- Your goal
Would you please copy only the lines from the line that contains "Женский традиционный немецкий" to the end of the data below, exactly, leaving every picture out?

- Data block

[Start of Attachment]

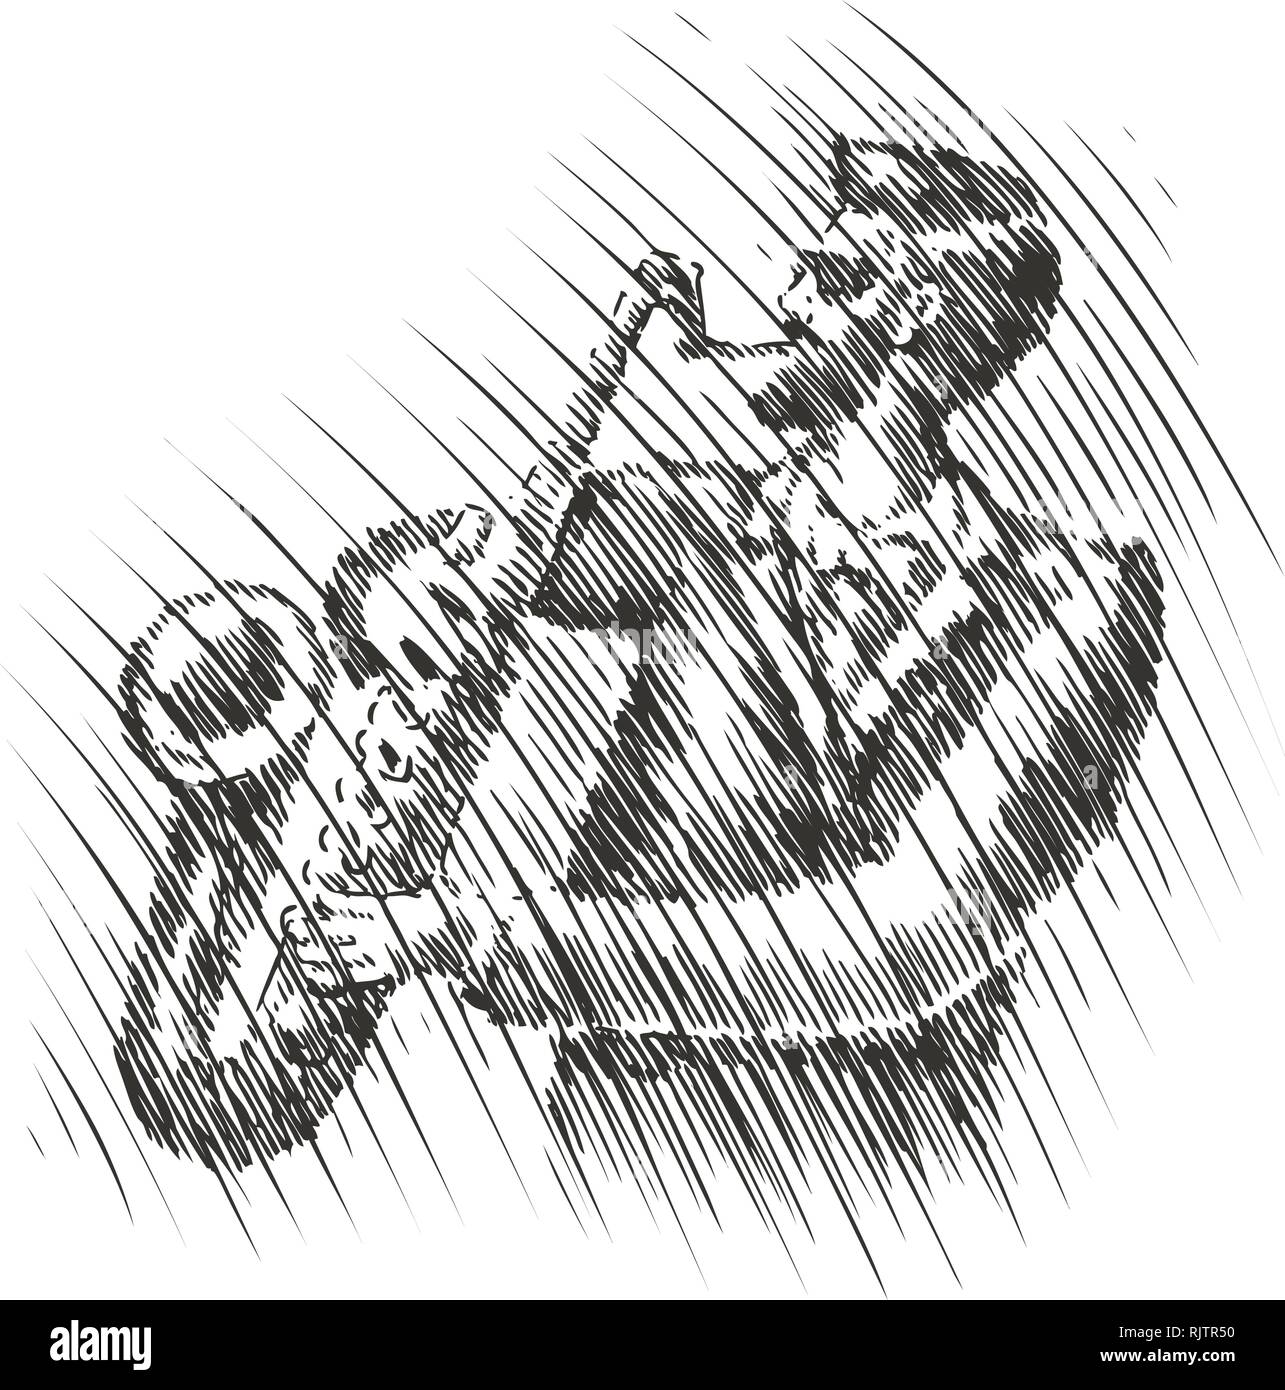 Musiker spielt das Saxophon. Live Musik, Musical Festival Skizze. Jazz, Blues, Vektor, Abbildung Stock Vektor
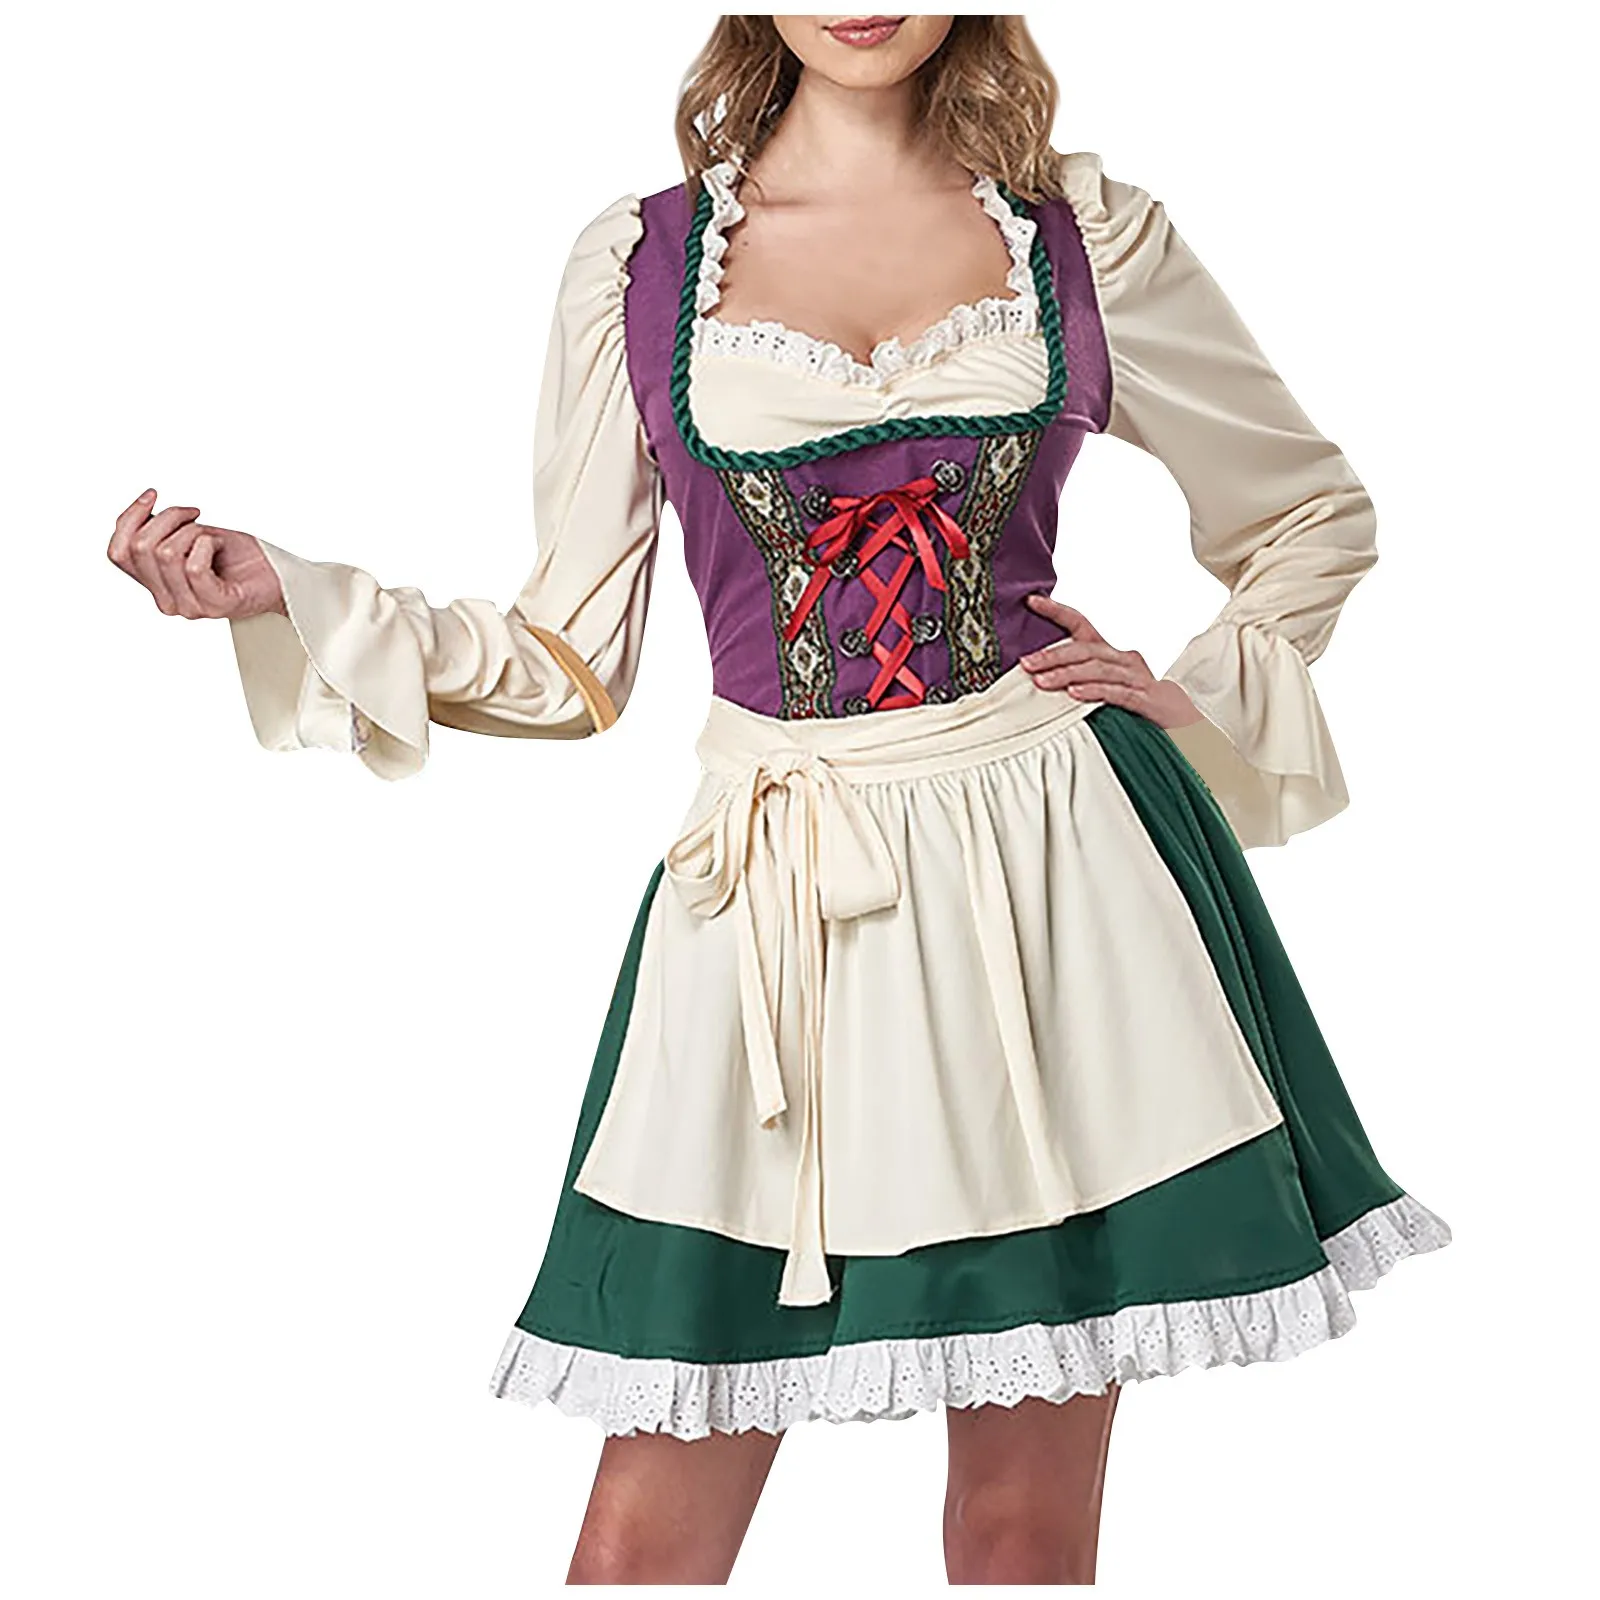 

Женский традиционный немецкий костюм Баварской пивной девушки, сексуальный костюм на Октоберфест, фестиваль, дирндл, косплей-костюм, женское платье
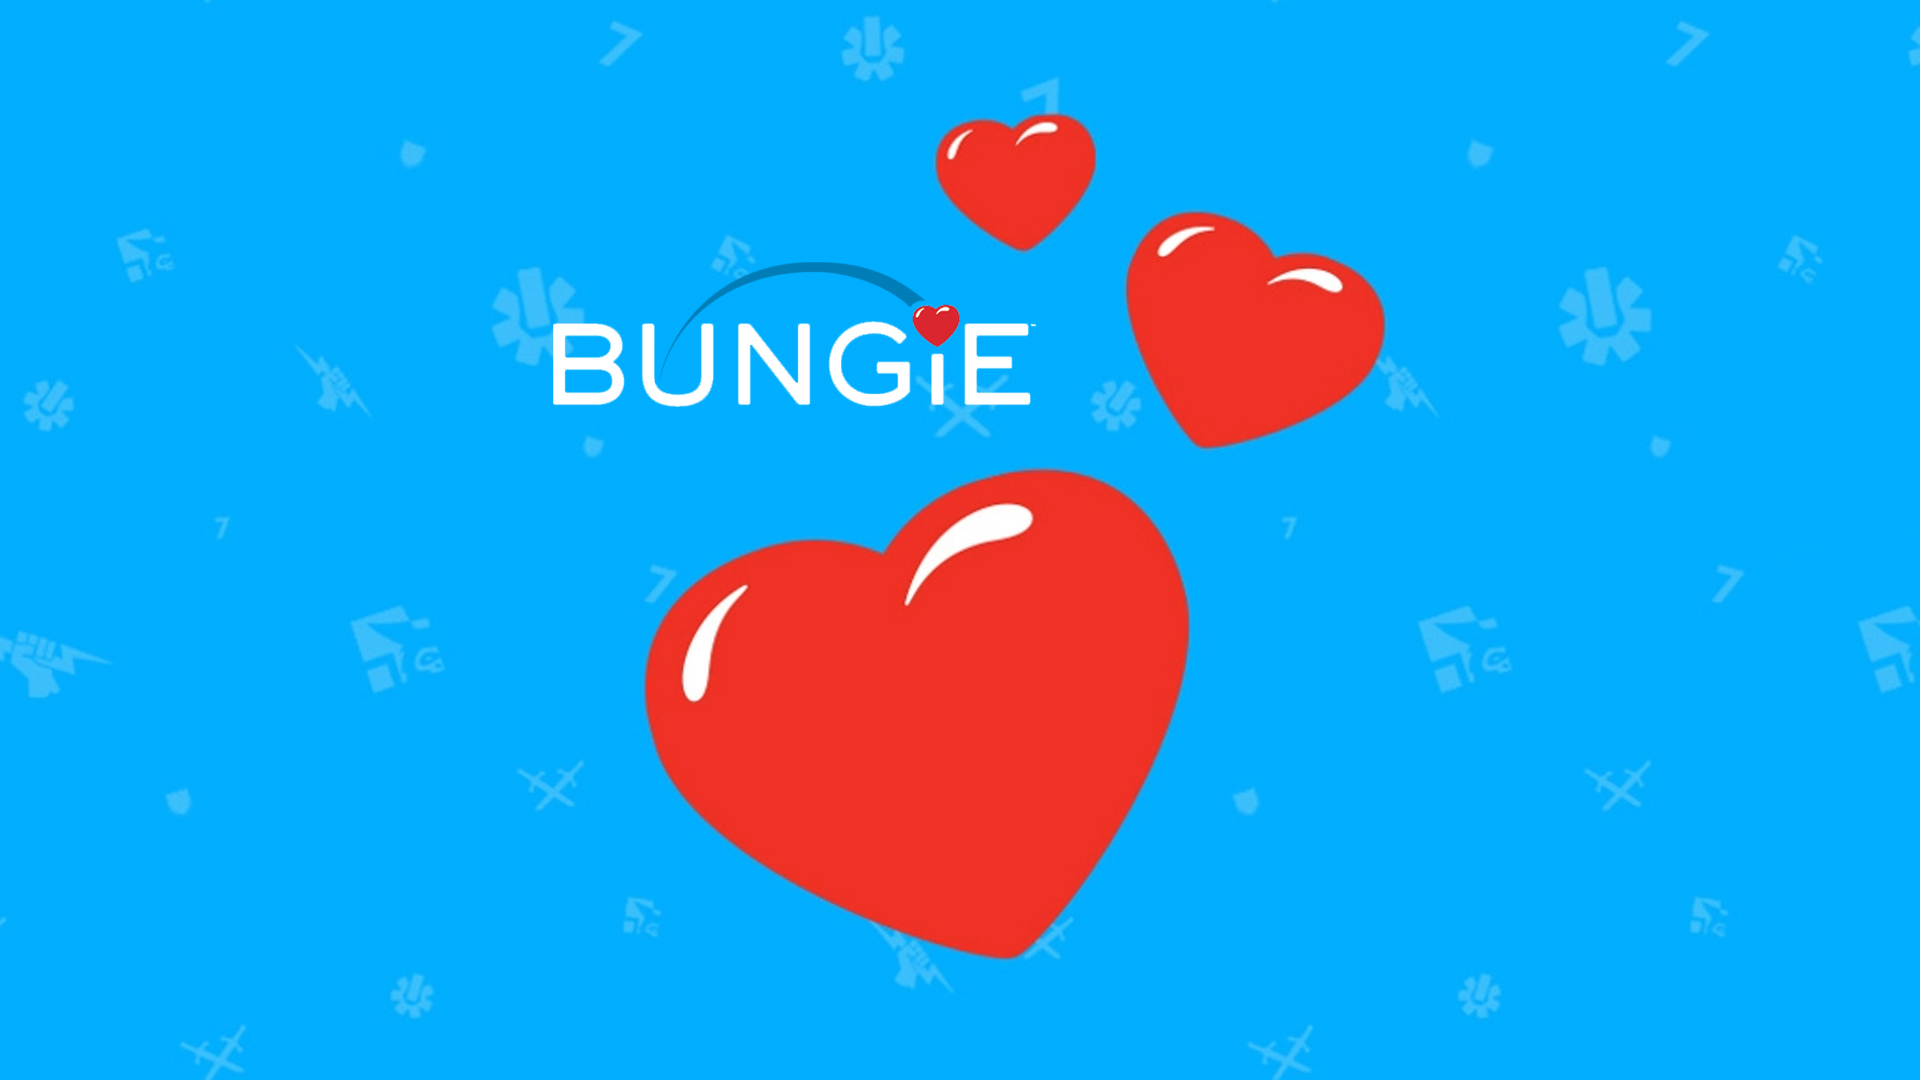 《命运2》开发商Bungie募集160万美元 帮助北美医院的儿童患者
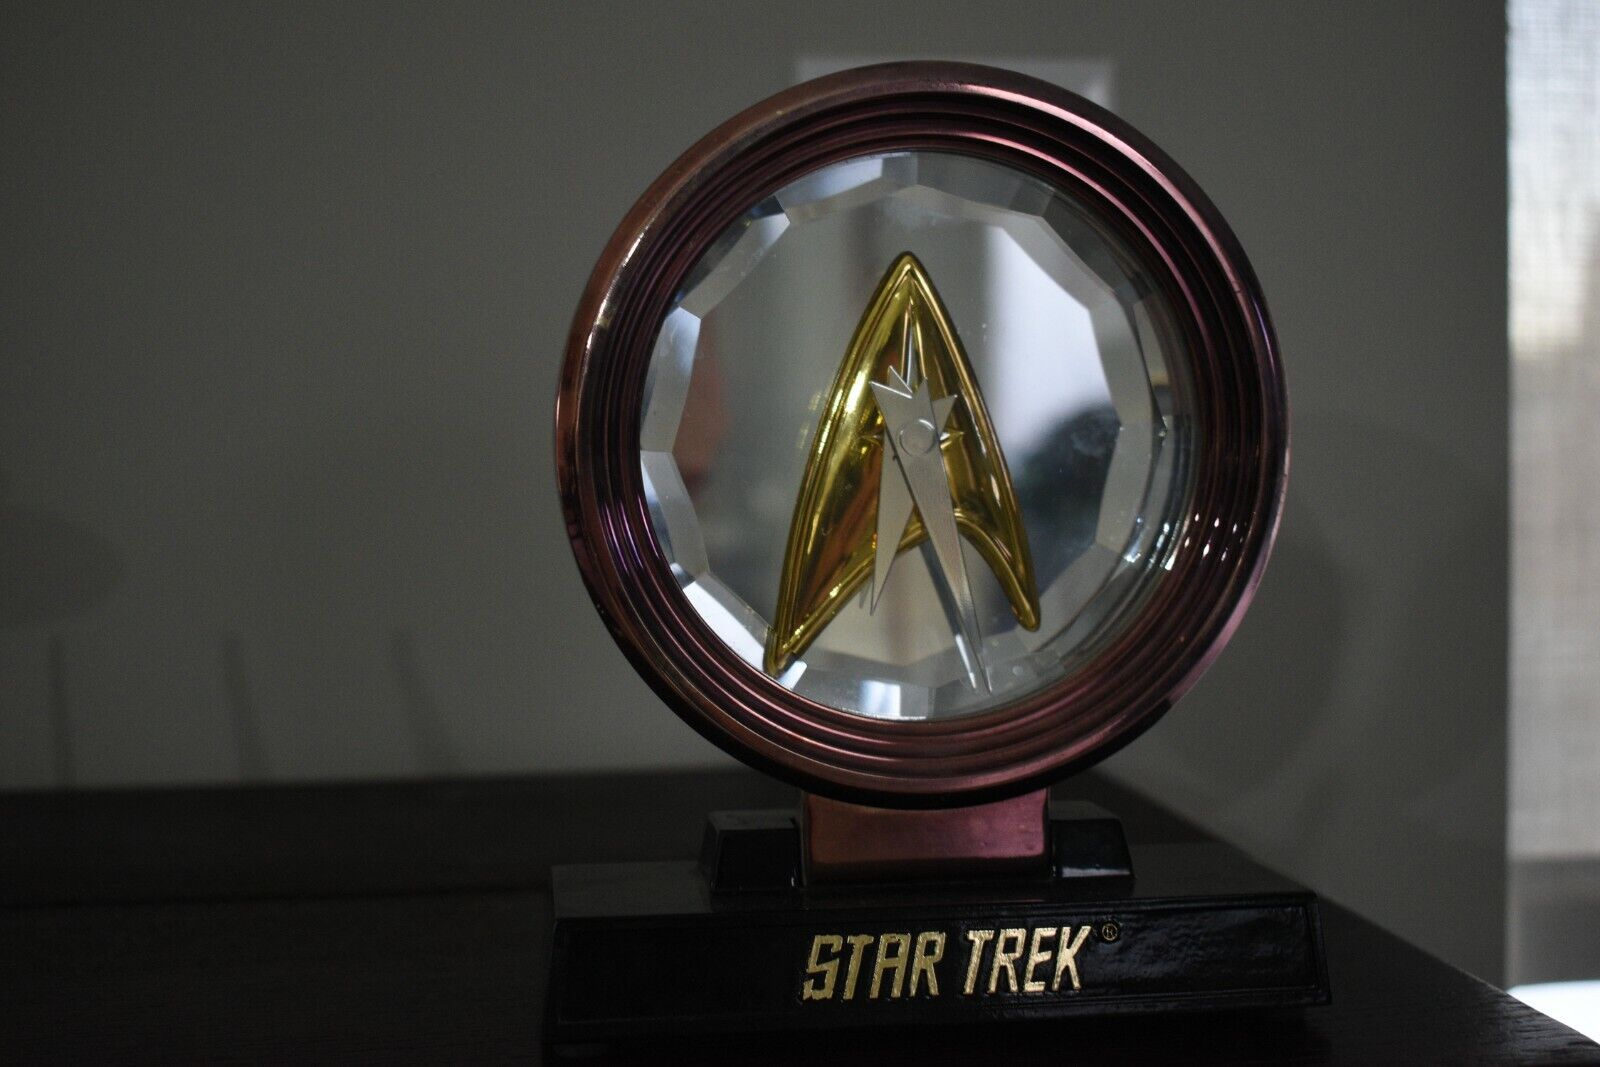 1993 Franklin Mint Star Trek Insignia Clock Limited Release

[End of Attachment]

- Task response
Женский традиционный немецкий костюм Баварской пивной девушки, сексуальный костюм на Октоберфест, фестиваль, дирндл, косплей-костюм, женское платье
 《命运2》开发商Bungie募集160万美元 帮助北美医院的儿童患者
 1993 Franklin Mint Star Trek Insignia Clock Limited Release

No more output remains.